Optical Power Meter Types

Optical power meters, like Digital Multimeters, come in a variety of types. The measurement uncertainty of practically all fiber optic power meters is the same, limited by the physical constrains of transferring standards with optical connectors. Most meters have an uncertainty of +/-5% or approximately 0.2dB, no matter what the resolution of the display may be.

Lower cost field optical power meters usually have a resolution of 0.1dB, laboratory meters display 0.01dB, and a resolution of 0.001dB is available on a few specialized fiber optic power meters.

The appropriate resolution for a measurement should be chosen according to the test. Laboratory measurements of low-loss patch cables, connectors, and fiber splices can be made to 0.01dB resolution and an uncertainty of 0.05dB or less if great care is used in controlling the test conditions.

Field measurements of absolute power are no better than the absolute calibration uncertainty, but relative power measurements can be made to 0.1dB. Cable plant loss is affected by not only the meter uncertainty, but also the characteristics of the test source, and may have an uncertainty of 0.5dB or more.

Test Source for Optical Power Testing

The test source is a portable version of the source that is used in the communication network attached to the fiber. It simulates the signal in the fiber for loss testing with a power meter, so the test source should match the wavelength and source type of the system source.

Generally, multimode fiber is tested with LEDs at both 850nm and 1300nm and single mode fiber is tested with lasers at 1310nm and 1550nm. The test source will typically be a LED for multimode fiber unless the fiber is being used for Gigabit Ethernet or other high-speed networks that use laser sources. LEDs can be used to test single mode fibers less than 5000 meters long, while a laser should be used for long single mode fibers.

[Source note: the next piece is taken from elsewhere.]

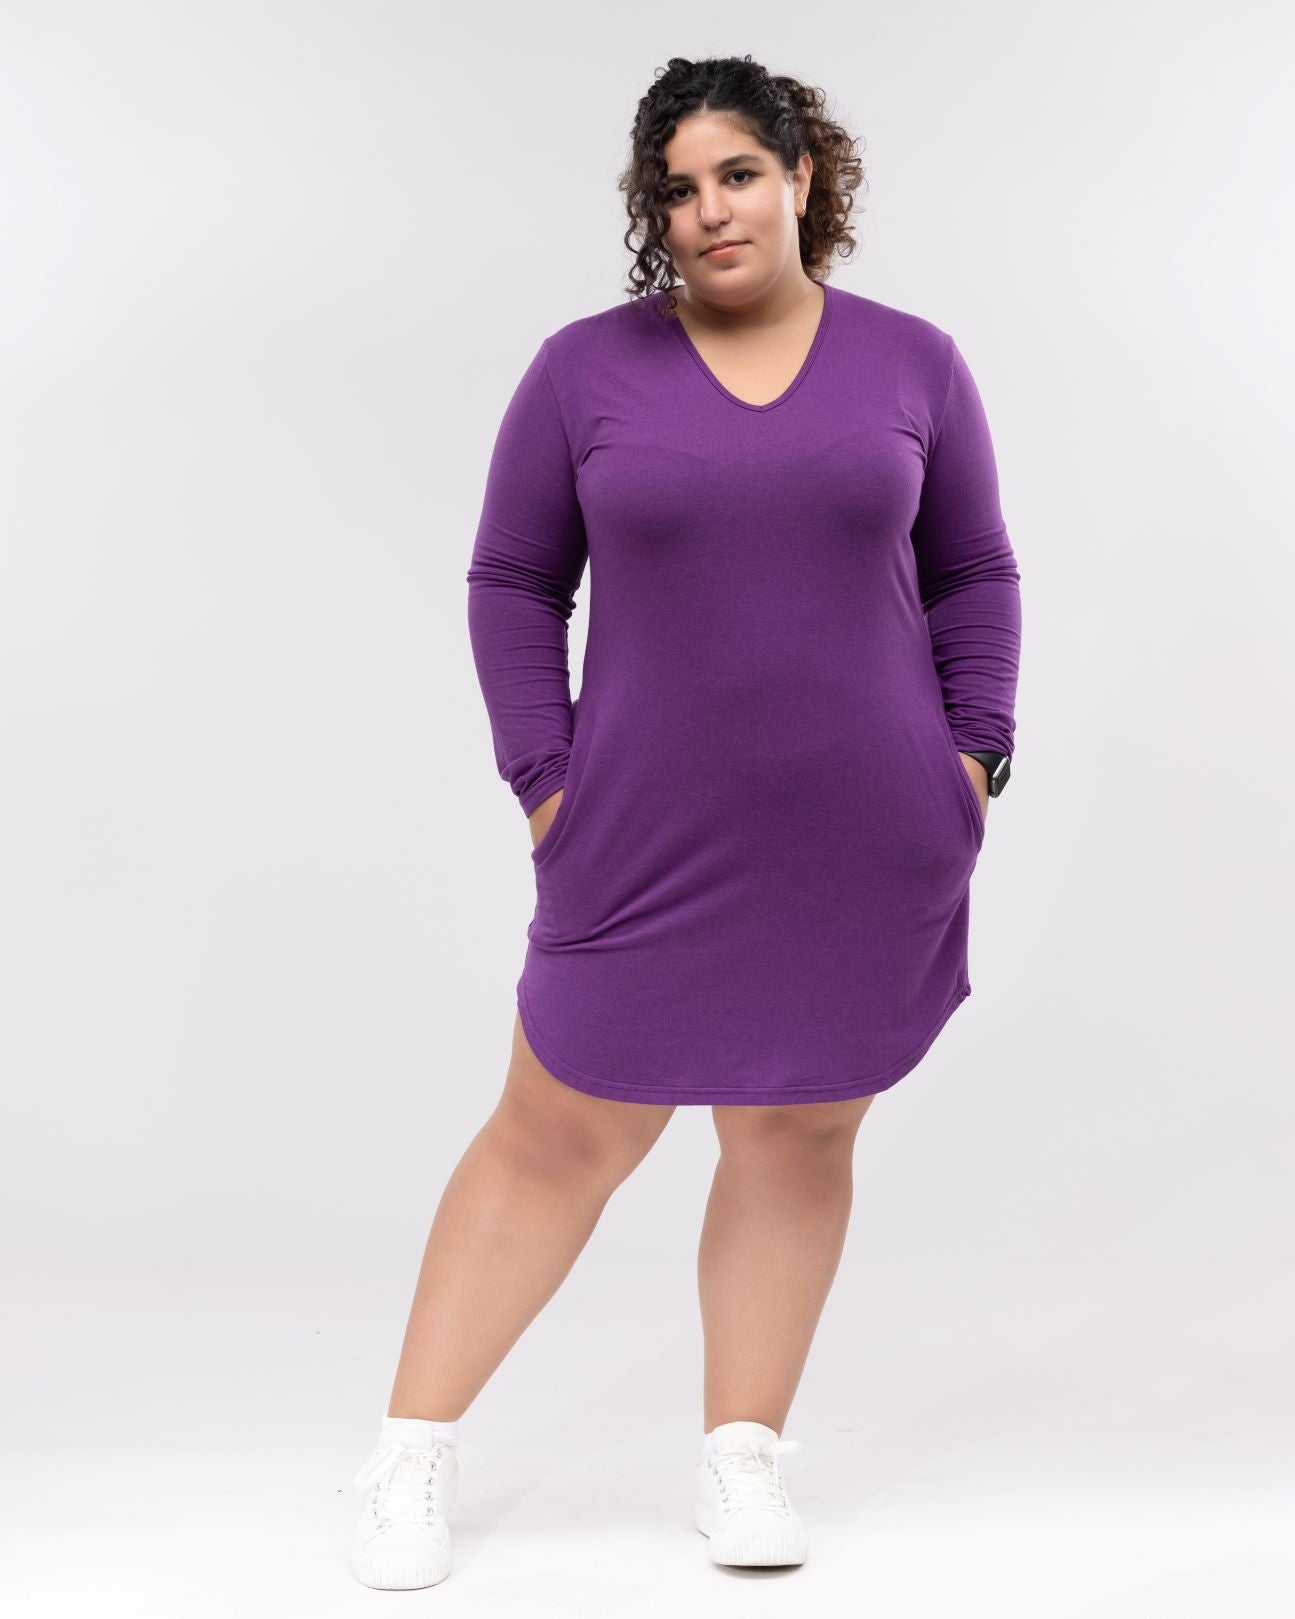 DressBarn Women's Soft and Comfortable Tummy Control Legging, Pima Cotton  and Spandex

You should always match the test light source wavelength to the network requirements. While one refers to 850, 1300, or 1550nm routinely, actual source wavelength may vary. One long runs of fiber typical of WANs or long-distance networks, the difference becomes important.

The fiber attenuation coefficient is a function of wavelength, so source spectral characteristics can be important. When testing long lengths of fiber, you may need to make corrections to nominal source wavelength losses.